I have the same issue with those terminals, the ones without a stud solder to them. I am think of using a threaded insert. This would be a perfect project(video) for you.
I've had to use a heli-coil on one of mine. Use a drill press and be very careful how deep you run the drill. I ground down a drill bit so it would leave a flat bottom to allow maximum contact with the terminal. So far so good!
@@houstonfirefox What size of screws are you using? My cells have a M4 which I think are too small . I'll like to move up in size. I have another set of cell which came with M6 studs which work great.
@@trevilights I had M6 threads that got stripped out. Re-drilled to accept an M6 Heli-coil, but the hole in the terminal had to be drilled out to a slightly larger size to accept the heli-coil. The Heli-Coil stuck out just a little but took a Dremel and ground it down flush with the top of the terminal, reinstalled the formerly-stripped M6 stud and it's as good as new. If I wasn't using a heli-coil then I'd just drill and tap it for the next size up (M8 in my case)
@@houstonfirefox Thank you. I just order a M6 X 1 kit to give it a try on one cell. I feel that my current M4 bolts are not tight enough and I am afraid of striping the threads if I go too far. In the past I have had some busbar heating up because of loosen bolts.

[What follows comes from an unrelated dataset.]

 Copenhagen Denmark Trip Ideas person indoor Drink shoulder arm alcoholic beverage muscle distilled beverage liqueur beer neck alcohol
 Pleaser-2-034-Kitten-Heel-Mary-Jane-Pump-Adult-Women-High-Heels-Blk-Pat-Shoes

@@trevilights I guess it would depend on how many amps you were drawing. I know my 'semi-stripped' (weakly held) post would certainly get hot when I put the beans to it but runs as cool as the others now that the heli-coil is in place. I routinely run the backside of a finger across the posts when charging or discharging at high amps to identify any lose connections. Good luck with your post restoration. Just go slow and be focused on the task and you'll be fine!
Bonjour super vidéo comment faire pour installer l'application sur un smartphone je peine vraiment merci
Hello Andy,you test the sleep voltage,works ok?

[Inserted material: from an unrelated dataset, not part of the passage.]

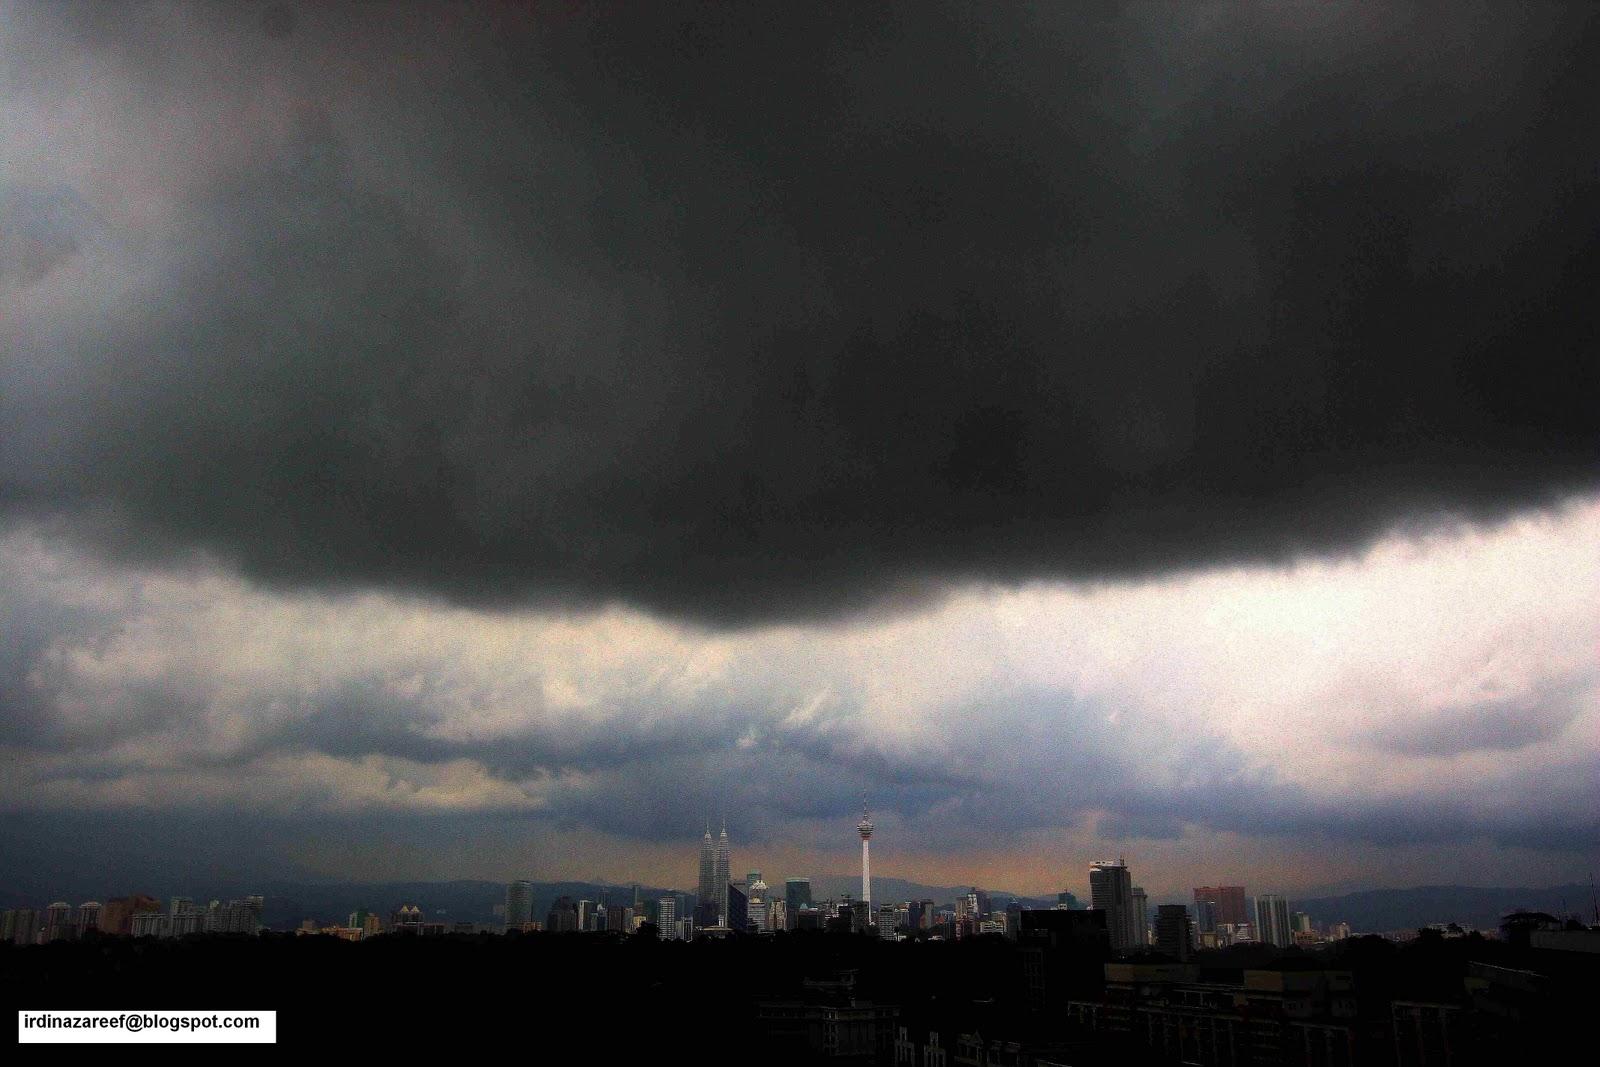 IrdinaZareef Gambar awan penyebab Kajang banjir besar

Yes, just the video was already too long for adding all the features. This was mainly for testing the balancing capability. More to come!

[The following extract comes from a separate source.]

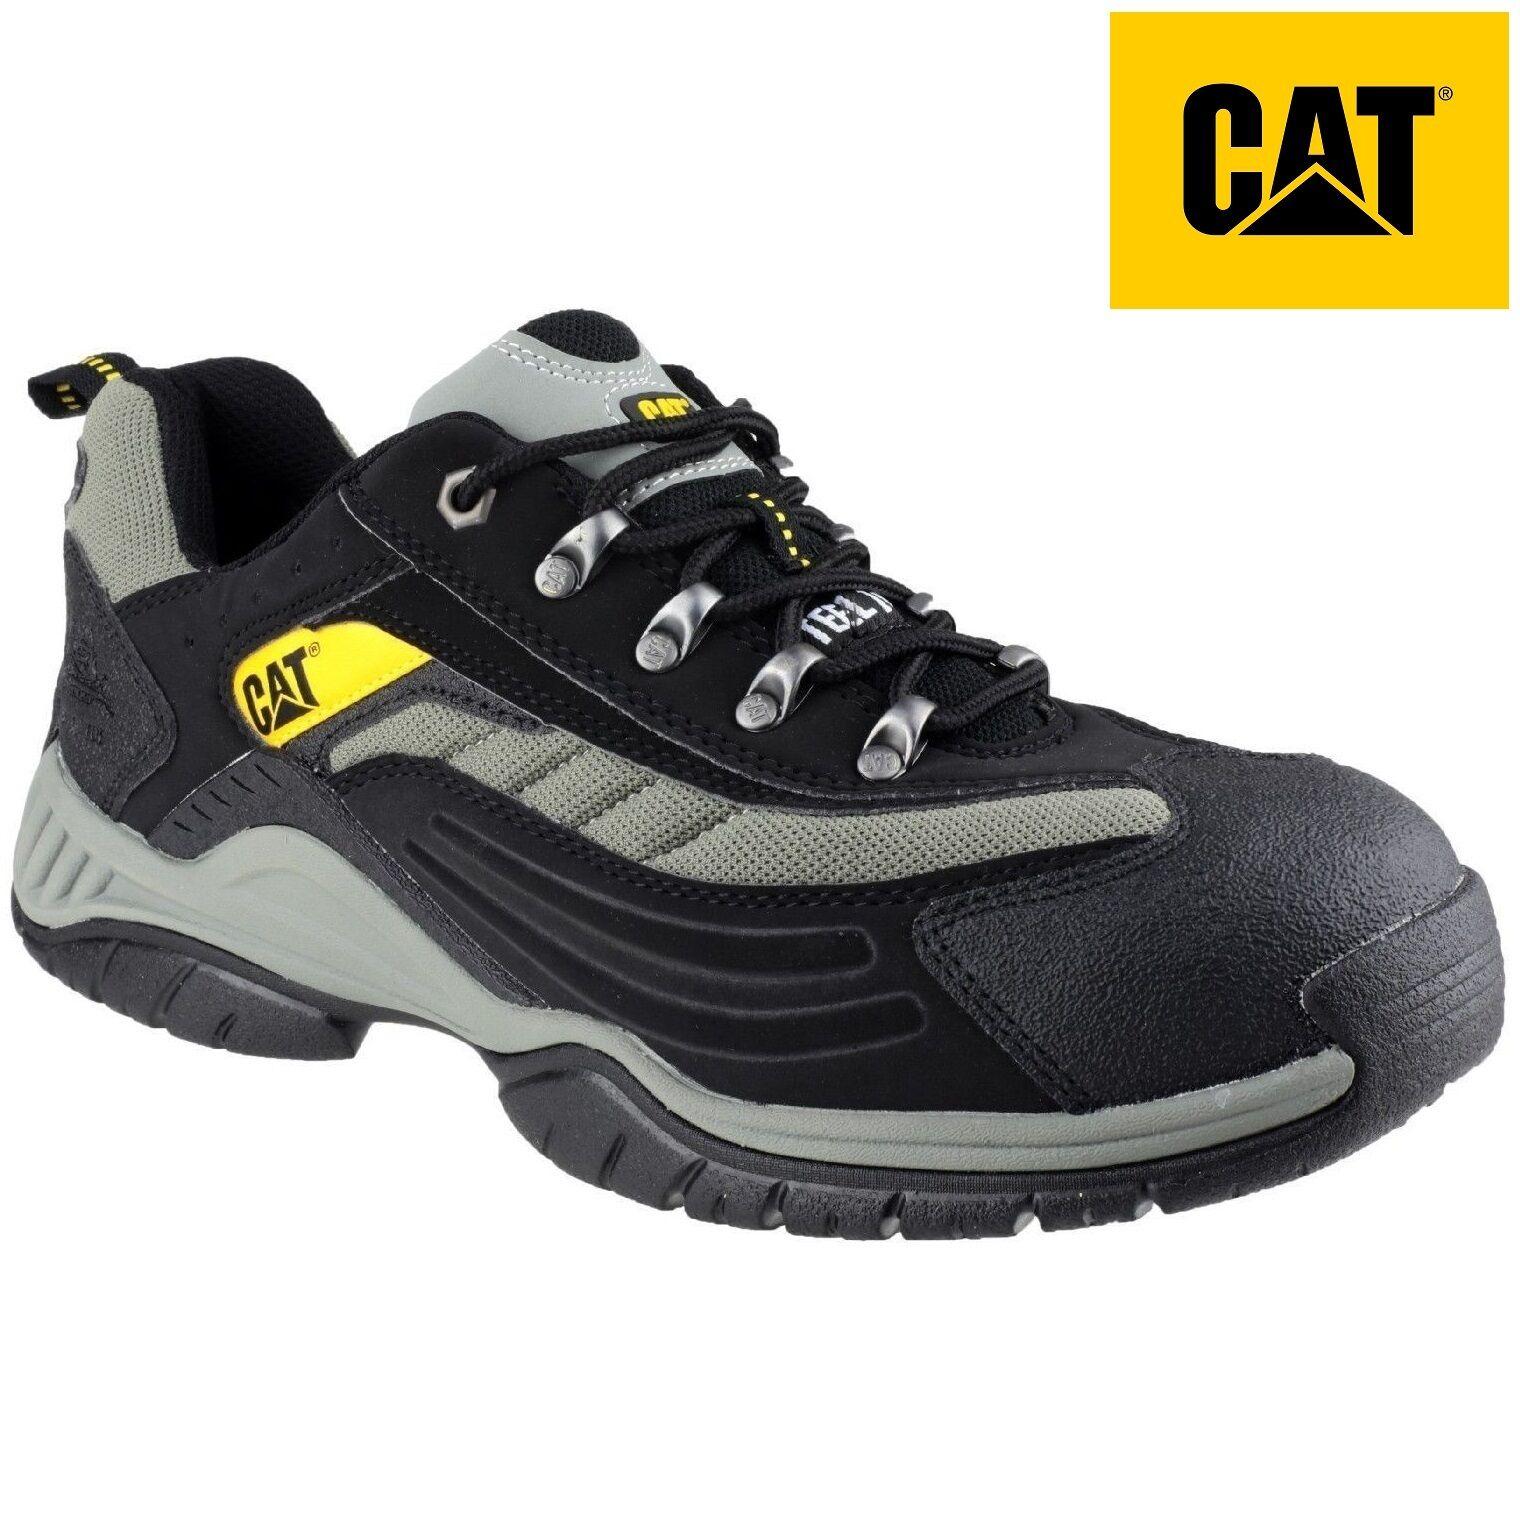 Uomo Lightweight CAT Causal CATERPILLAR Lightweight Uomo Wide Pelle Causal CAT NON   ad5c2a

@@OffGridGarageAustralia Ok,I ask this because i have two JK balancers almost to same with yourse,and setting about sleeping voltage do not work.
Ich glaube man kann nach trennen einer Lötbrücke an dem alten 5A Balancer diesen über einen Batteriecomputer bei einer bestimmten Spannung an und aus schalten.Hätte dann dieselbe Funktion wie der hier gezeigte.
Finde leider das Video nicht mehr wo ein user dies zeigt !
Hi Andy, might be worth noting I noticed on their website that at this time it's android only so No iOS app.
They are working on the iOS version and it will come soon. I think it says it somewhere on their site...
@@OffGridGarageAustralia - no iOS would be a deal breaker for a lot of people
whats balancer price
how about a dc-dc charger on every cell?
Must be that chrome dome! Age discrimination would be illegal, but there is always a way!
Hahaha, just polished it this morning 🤠
Just wondering if you allow number 2 cell to become out of balance, would the current only come out of a lower numbered cell like number 1 cell or would it come from a higher numbered cell?
great coverage! thanks
Thank you John!
OK question time. Could that NEEY balanser be used for 96S configuration with each module on different bluetooth address?
Tnx A
So I have three 200AH chins that I took apart to make room, each battery has 8 cells wired to their own BMS, I have them wired is parallel to make 600AH total, would this work on a system that has 24 cells and 3 BMS's?
Can this balancer work with multiple packs?
Example: Four 12v packs in parallel using this balancer to balancer the entire parallel pack.
I have limited knowledge of balancer and their function, so this question may seem obvious to someone else.
studs are advantageous in these situations
Gibt es ein Video wo die Verkabelung des Neey s mit den Batterien erklärt wird? Mit freundlichen Grüßen
Dachte, ich habe das im Video gezeigt. Ist aber genau das gleiche wie fuer ein BMS.